• **What you are asked to do**:
If a line of the data below holds the word "Sessel", list it.
======== Information provided
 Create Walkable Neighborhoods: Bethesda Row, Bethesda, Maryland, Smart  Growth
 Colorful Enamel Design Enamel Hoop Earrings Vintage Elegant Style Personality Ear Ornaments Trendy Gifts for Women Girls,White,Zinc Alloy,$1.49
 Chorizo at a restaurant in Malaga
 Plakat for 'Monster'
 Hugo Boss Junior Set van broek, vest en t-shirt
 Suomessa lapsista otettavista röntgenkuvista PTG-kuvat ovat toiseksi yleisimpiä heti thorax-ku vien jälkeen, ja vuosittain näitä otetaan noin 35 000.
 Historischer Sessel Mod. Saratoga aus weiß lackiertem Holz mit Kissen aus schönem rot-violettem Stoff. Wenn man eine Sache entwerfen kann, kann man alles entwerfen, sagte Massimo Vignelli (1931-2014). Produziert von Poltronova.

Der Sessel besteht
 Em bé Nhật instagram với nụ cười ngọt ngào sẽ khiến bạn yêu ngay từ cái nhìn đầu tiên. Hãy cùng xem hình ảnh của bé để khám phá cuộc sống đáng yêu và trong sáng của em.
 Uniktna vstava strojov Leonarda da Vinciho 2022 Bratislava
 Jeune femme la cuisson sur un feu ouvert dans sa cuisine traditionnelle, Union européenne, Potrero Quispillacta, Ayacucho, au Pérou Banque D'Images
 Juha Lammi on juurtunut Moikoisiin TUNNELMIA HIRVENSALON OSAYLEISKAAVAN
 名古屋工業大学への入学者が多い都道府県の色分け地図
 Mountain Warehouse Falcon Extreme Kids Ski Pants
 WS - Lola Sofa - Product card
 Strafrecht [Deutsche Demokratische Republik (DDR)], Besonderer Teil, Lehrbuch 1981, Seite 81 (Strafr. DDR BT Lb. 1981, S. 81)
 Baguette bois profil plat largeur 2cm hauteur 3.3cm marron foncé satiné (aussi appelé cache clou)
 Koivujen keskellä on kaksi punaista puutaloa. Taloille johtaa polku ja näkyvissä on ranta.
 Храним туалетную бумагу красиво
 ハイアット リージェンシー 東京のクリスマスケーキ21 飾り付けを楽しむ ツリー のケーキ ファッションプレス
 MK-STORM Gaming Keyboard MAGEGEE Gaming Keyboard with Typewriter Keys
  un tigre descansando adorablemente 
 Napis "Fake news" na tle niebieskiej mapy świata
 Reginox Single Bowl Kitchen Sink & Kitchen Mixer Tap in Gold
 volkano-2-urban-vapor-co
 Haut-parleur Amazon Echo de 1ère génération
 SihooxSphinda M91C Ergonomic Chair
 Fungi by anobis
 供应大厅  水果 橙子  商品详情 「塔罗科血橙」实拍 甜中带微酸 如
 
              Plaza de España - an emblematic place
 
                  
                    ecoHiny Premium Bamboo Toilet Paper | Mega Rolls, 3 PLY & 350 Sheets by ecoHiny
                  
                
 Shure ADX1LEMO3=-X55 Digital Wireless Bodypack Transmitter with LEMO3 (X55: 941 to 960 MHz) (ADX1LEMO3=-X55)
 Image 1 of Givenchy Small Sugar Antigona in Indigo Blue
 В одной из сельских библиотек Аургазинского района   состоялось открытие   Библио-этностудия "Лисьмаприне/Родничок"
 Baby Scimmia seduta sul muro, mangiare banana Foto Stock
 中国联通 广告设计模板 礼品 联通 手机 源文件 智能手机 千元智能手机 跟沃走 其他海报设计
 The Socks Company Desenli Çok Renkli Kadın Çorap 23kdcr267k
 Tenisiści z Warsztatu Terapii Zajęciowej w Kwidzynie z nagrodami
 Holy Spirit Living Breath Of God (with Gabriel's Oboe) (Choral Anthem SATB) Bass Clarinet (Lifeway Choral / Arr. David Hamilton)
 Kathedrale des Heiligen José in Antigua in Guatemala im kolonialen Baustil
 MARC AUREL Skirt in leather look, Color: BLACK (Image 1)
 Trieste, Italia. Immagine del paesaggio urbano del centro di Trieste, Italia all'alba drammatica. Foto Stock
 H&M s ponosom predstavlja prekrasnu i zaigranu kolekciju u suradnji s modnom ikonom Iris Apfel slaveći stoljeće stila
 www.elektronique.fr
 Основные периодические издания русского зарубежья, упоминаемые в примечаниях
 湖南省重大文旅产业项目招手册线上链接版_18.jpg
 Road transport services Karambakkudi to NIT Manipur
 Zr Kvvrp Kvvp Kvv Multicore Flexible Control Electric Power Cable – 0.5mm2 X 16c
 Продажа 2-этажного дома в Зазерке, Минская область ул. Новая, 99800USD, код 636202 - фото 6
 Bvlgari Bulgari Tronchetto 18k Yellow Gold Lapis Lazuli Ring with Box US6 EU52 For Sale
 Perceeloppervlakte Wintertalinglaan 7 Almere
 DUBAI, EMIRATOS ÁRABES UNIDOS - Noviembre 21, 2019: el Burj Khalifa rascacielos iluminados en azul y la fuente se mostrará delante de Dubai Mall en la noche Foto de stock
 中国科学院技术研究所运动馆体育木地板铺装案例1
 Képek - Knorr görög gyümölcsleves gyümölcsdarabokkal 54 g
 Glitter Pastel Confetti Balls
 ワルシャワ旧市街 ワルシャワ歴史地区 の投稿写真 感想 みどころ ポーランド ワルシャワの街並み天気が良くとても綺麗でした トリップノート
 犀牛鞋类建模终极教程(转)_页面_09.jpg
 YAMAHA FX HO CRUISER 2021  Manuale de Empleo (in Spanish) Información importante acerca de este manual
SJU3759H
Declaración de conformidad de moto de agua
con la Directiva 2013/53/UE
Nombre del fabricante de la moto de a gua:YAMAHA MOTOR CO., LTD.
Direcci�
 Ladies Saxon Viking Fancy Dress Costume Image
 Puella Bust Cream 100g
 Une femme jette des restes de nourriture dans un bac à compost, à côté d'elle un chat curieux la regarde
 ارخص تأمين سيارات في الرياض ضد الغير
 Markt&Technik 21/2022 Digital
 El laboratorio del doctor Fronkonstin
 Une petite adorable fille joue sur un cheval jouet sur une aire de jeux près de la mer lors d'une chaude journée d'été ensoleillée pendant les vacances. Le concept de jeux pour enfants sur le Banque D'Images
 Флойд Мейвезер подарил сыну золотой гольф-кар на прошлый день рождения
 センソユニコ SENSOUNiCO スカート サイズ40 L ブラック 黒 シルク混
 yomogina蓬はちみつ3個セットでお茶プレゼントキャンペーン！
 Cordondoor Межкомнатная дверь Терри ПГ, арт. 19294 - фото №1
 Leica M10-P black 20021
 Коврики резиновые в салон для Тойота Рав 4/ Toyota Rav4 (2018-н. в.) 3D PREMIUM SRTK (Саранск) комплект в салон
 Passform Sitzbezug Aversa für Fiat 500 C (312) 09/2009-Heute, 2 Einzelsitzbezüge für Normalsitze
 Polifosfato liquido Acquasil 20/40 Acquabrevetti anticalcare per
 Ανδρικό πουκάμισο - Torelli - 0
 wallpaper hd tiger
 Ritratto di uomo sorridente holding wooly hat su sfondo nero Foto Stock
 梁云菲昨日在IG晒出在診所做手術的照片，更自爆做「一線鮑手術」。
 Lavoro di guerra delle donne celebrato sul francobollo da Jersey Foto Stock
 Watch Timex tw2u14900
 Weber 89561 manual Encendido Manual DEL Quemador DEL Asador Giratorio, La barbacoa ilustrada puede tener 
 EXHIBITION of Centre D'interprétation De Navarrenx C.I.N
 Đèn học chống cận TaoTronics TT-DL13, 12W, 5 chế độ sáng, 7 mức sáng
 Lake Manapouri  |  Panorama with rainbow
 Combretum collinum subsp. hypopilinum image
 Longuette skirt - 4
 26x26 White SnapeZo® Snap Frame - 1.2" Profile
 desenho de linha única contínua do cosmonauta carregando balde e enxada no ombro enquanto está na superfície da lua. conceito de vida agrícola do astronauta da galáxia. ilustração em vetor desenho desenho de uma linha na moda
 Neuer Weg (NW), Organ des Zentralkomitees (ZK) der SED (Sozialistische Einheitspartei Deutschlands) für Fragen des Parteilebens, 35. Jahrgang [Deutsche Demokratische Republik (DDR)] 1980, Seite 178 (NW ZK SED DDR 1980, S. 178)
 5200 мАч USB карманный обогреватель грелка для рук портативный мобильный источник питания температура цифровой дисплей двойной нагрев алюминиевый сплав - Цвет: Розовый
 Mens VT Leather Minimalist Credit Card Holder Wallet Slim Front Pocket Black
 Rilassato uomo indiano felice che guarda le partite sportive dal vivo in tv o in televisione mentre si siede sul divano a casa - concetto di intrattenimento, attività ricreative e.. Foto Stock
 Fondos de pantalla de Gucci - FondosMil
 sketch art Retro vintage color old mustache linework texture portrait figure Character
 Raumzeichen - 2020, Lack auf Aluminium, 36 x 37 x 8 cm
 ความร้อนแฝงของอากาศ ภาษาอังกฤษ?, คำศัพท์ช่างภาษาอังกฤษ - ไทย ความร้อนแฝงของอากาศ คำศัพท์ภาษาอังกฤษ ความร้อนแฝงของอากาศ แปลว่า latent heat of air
================
• **Written solution**:
 Historischer Sessel Mod. Saratoga aus weiß lackiertem Holz mit Kissen aus schönem rot-violettem Stoff. Wenn man eine Sache entwerfen kann, kann man alles entwerfen, sagte Massimo Vignelli (1931-2014). Produziert von Poltronova.
Der Sessel besteht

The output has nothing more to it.